UK prescriptions for adrenaline auto-injectors soar in children

Adrenaline auto-injector

The number of adrenaline auto-injectors provided in the UK for children has risen dramatically since 2000, but researchers say the reasons for the prescriptions are often unclear. 

Researchers from the University of Birmingham analysed GP data from 1.06 million children between 2000 and 2012, finding 23,837 who were recorded as ‘high risk’ and prescribed at least one auto-injector device.

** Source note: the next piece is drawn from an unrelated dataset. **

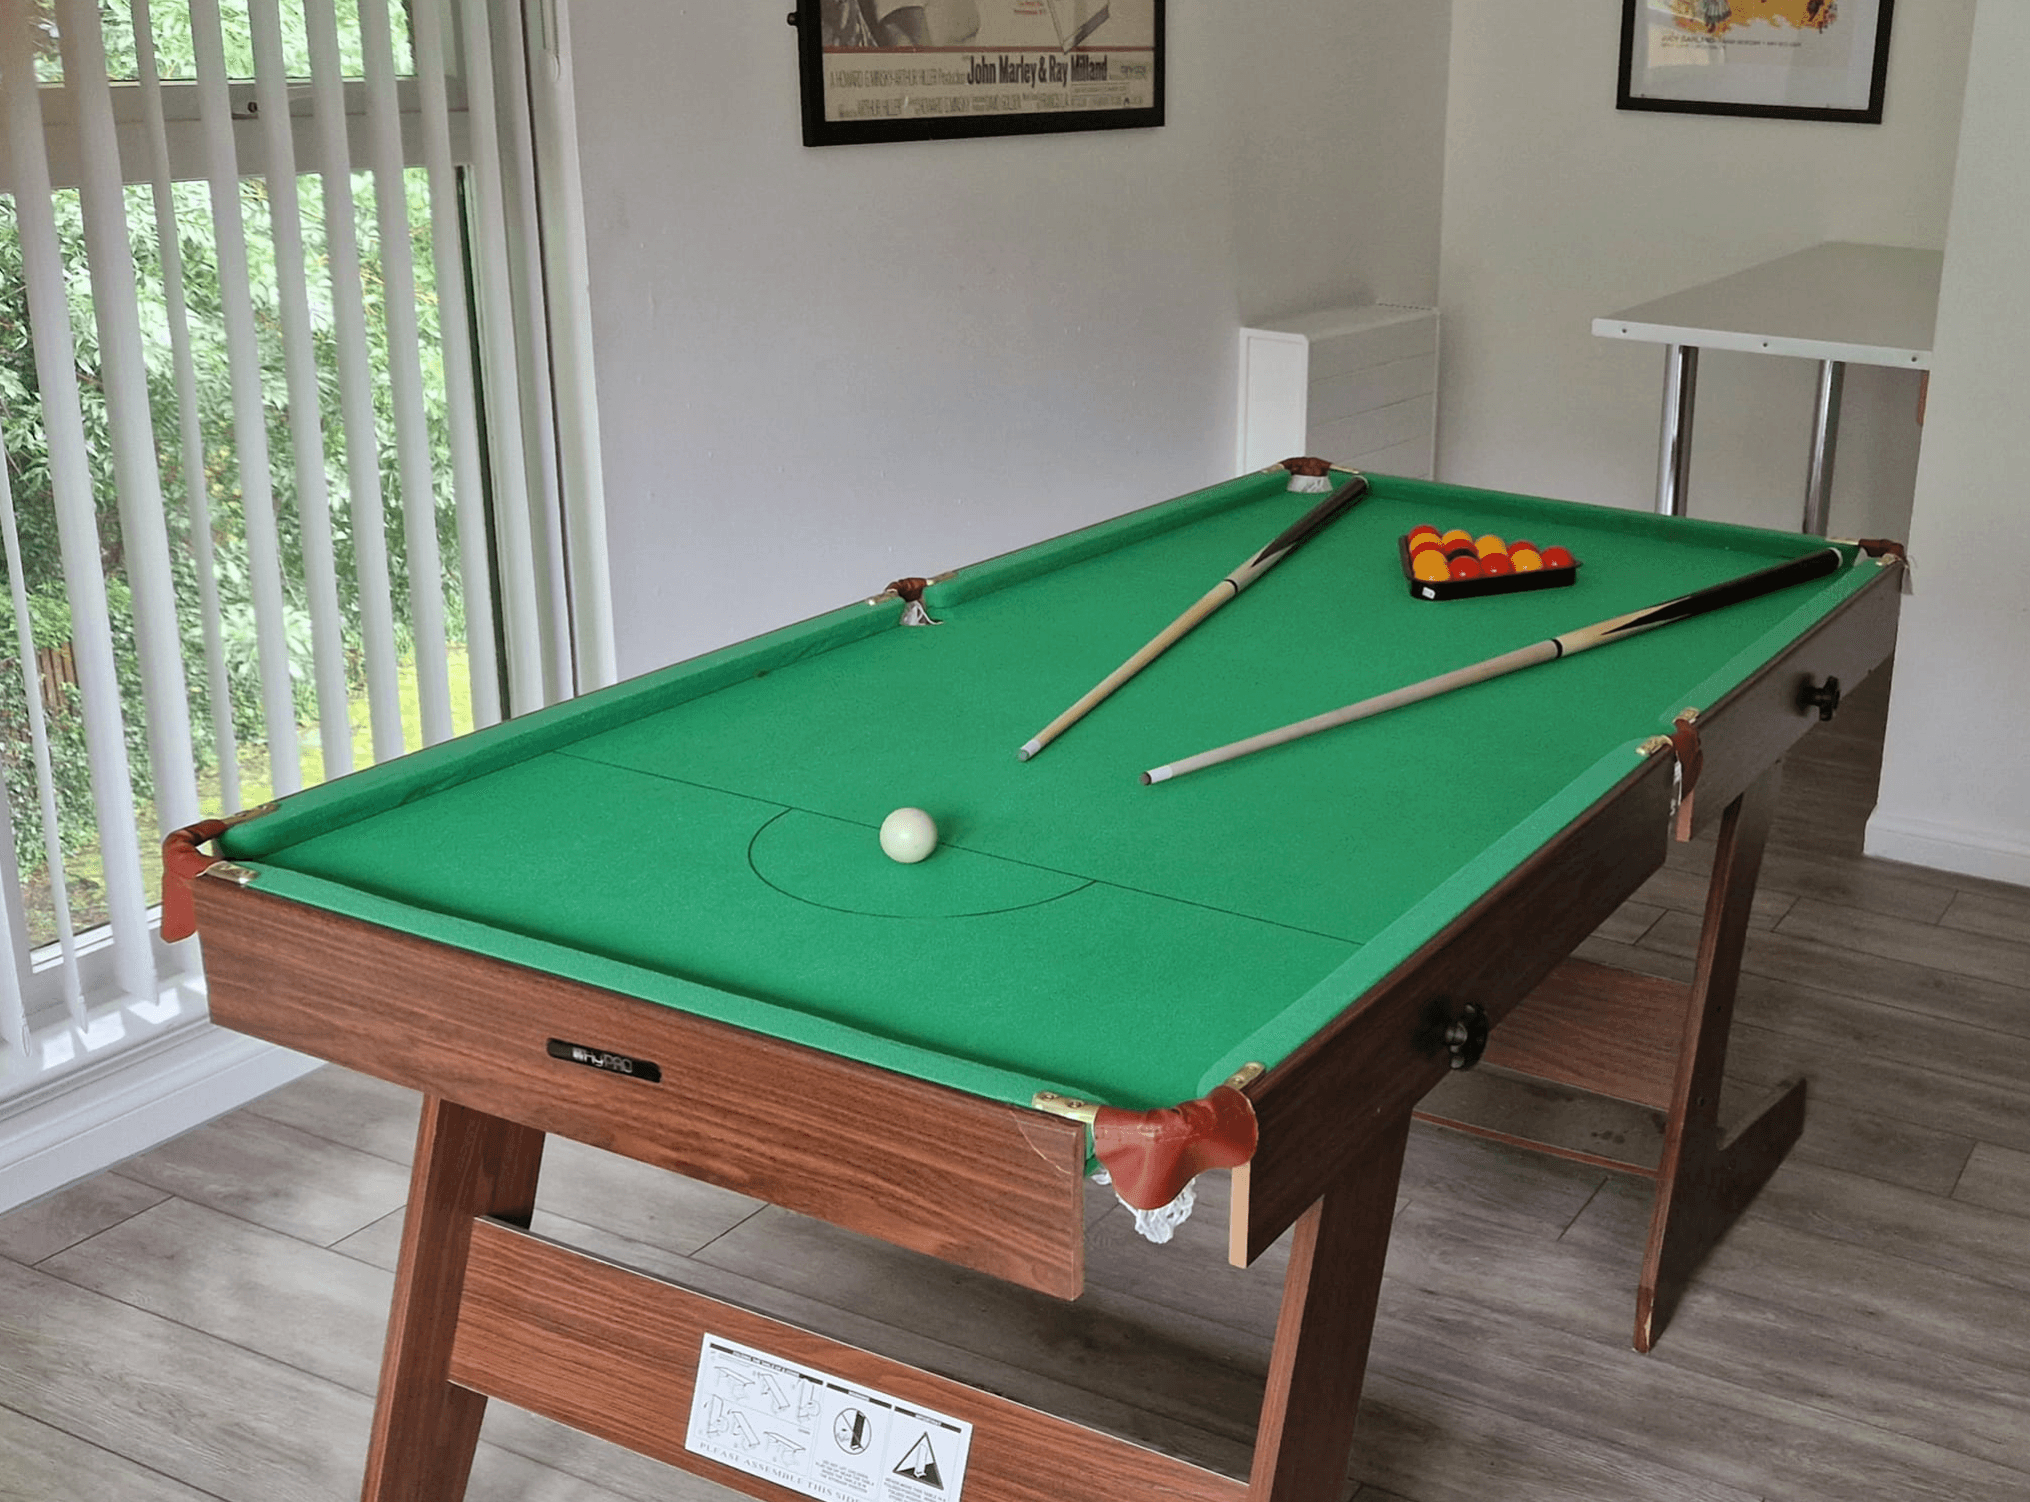 Games Room of Henderson House in Dunfermline, Scotland

In all, only 50% of the children were noted as having an allergy to egg, nut, seafood, insect venom or had previously had anaphylaxis.

Over the 12-year period, the proportion of children issued with an adrenaline auto-injector increased by 355%.

Further calculations showed there was a 506% increase in the total number of devices prescribed per 1,000 person years in the UK and the number of devices prescribed per child also rose by 33%.

The figures showed significant variation in the number of devices prescribed for a child in a year, with numbers hitting as high as 40 – although the average was between three and four. Over time the data suggested an increasing trend in children being prescribed four or more devices.

The researchers concluded that there had been a “sharp increase” in prescribing of adrenaline auto-injectors in recent years but that only half the children seemed to have a reason recorded in their notes and that “the rationale for prescribing is, in many cases, unclear”.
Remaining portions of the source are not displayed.